Il Tempo (English: "The Time") is a daily newspaper based in the city of Rome, Italy.

==History and profile==
Il Tempo was founded in Rome by Renato Angiolillo in 1944. At the initial phase the newspaper was a conservative publication and had an anti-communist stance. The paper publishes the Rome edition (available nationally) and other five local editions (Latina, Frosinone, northern Lazio, Abruzzo, and Molise).
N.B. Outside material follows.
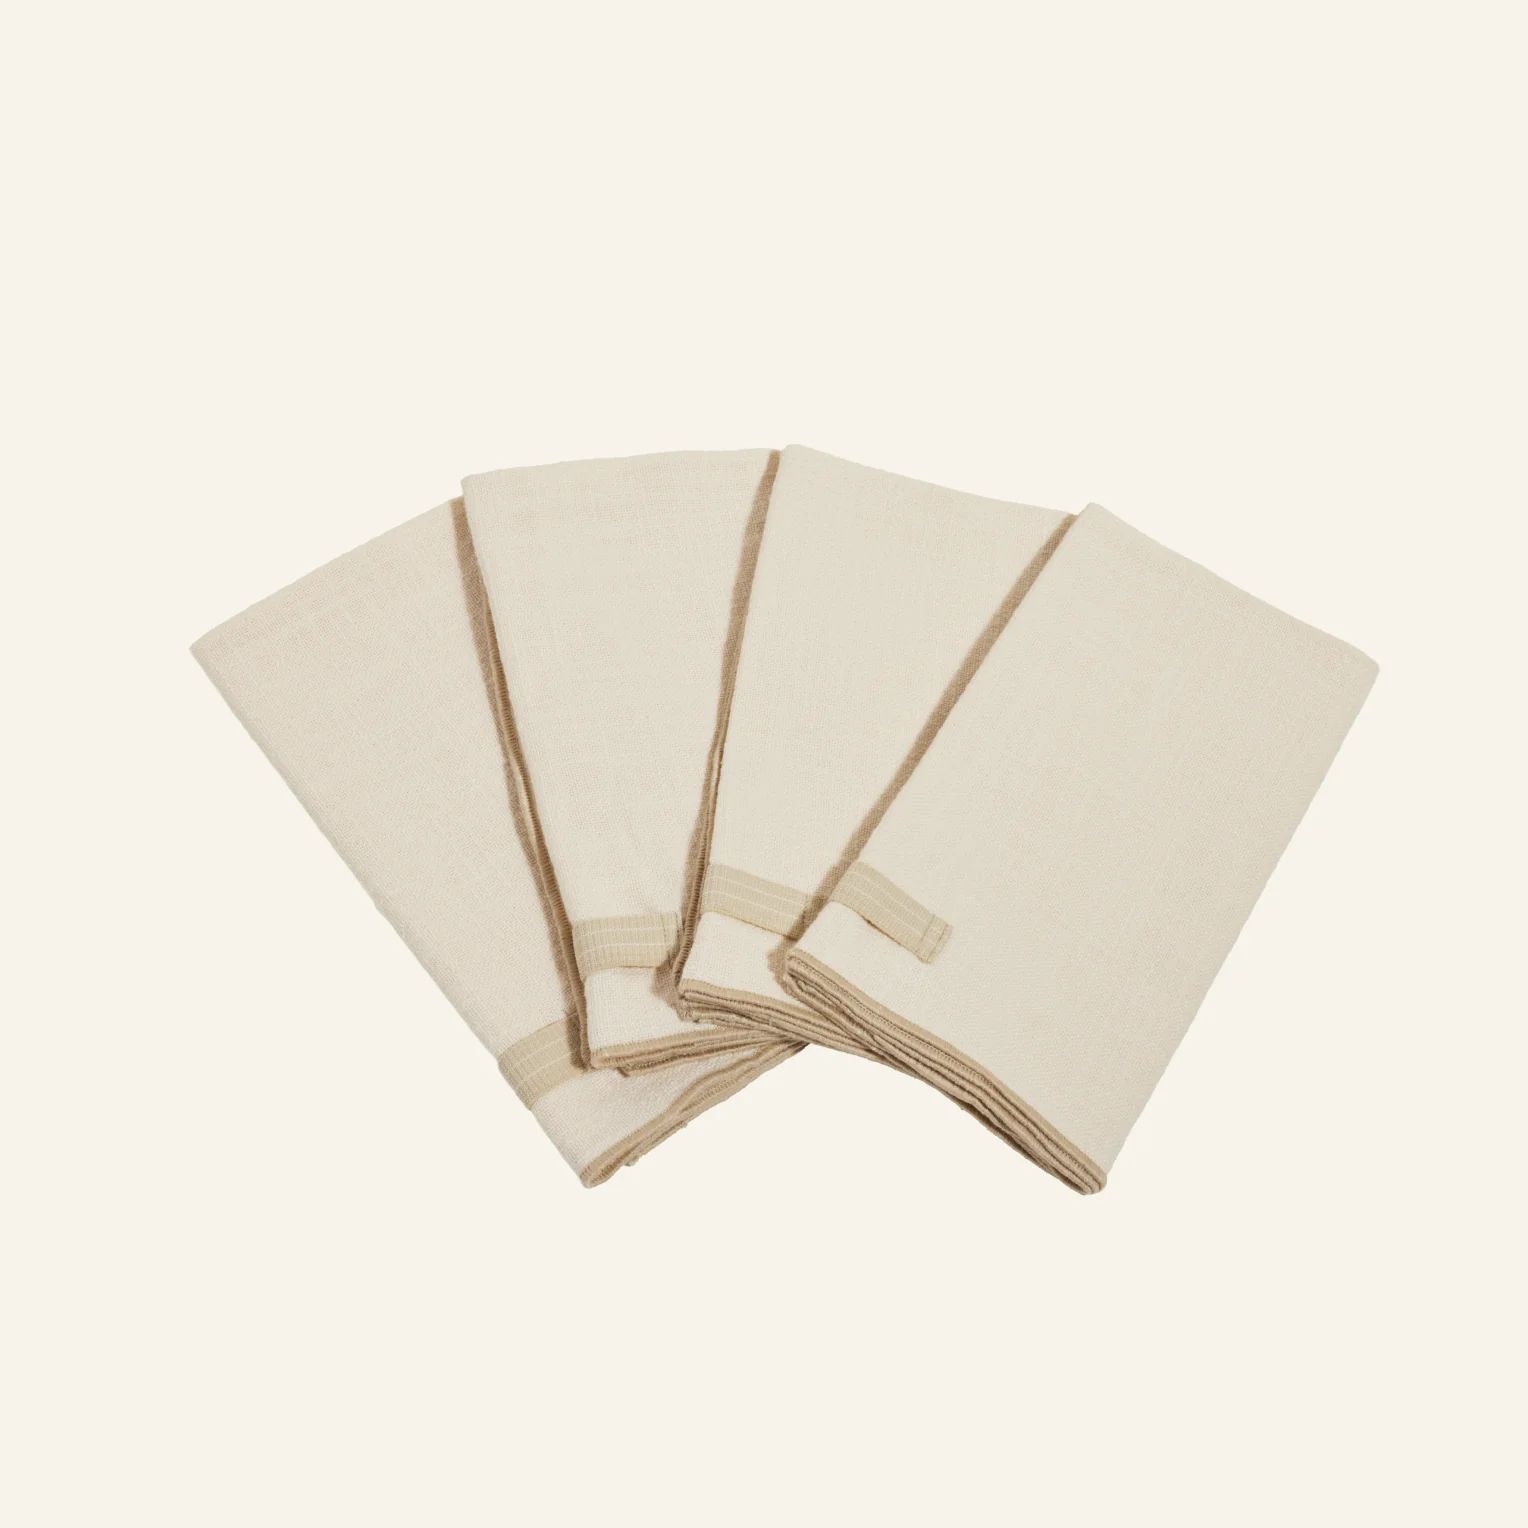 Loop Napkins | Our Place

In 1996 the former owner, Caltagirone Editore, sold the newspaper to the Italian builder Domenico Bonifaci. On 4 October 2007 the paper switched from broadsheet format to Berliner. Domenico Fisichella, an Italian academic and politician, is among the contributors of the daily.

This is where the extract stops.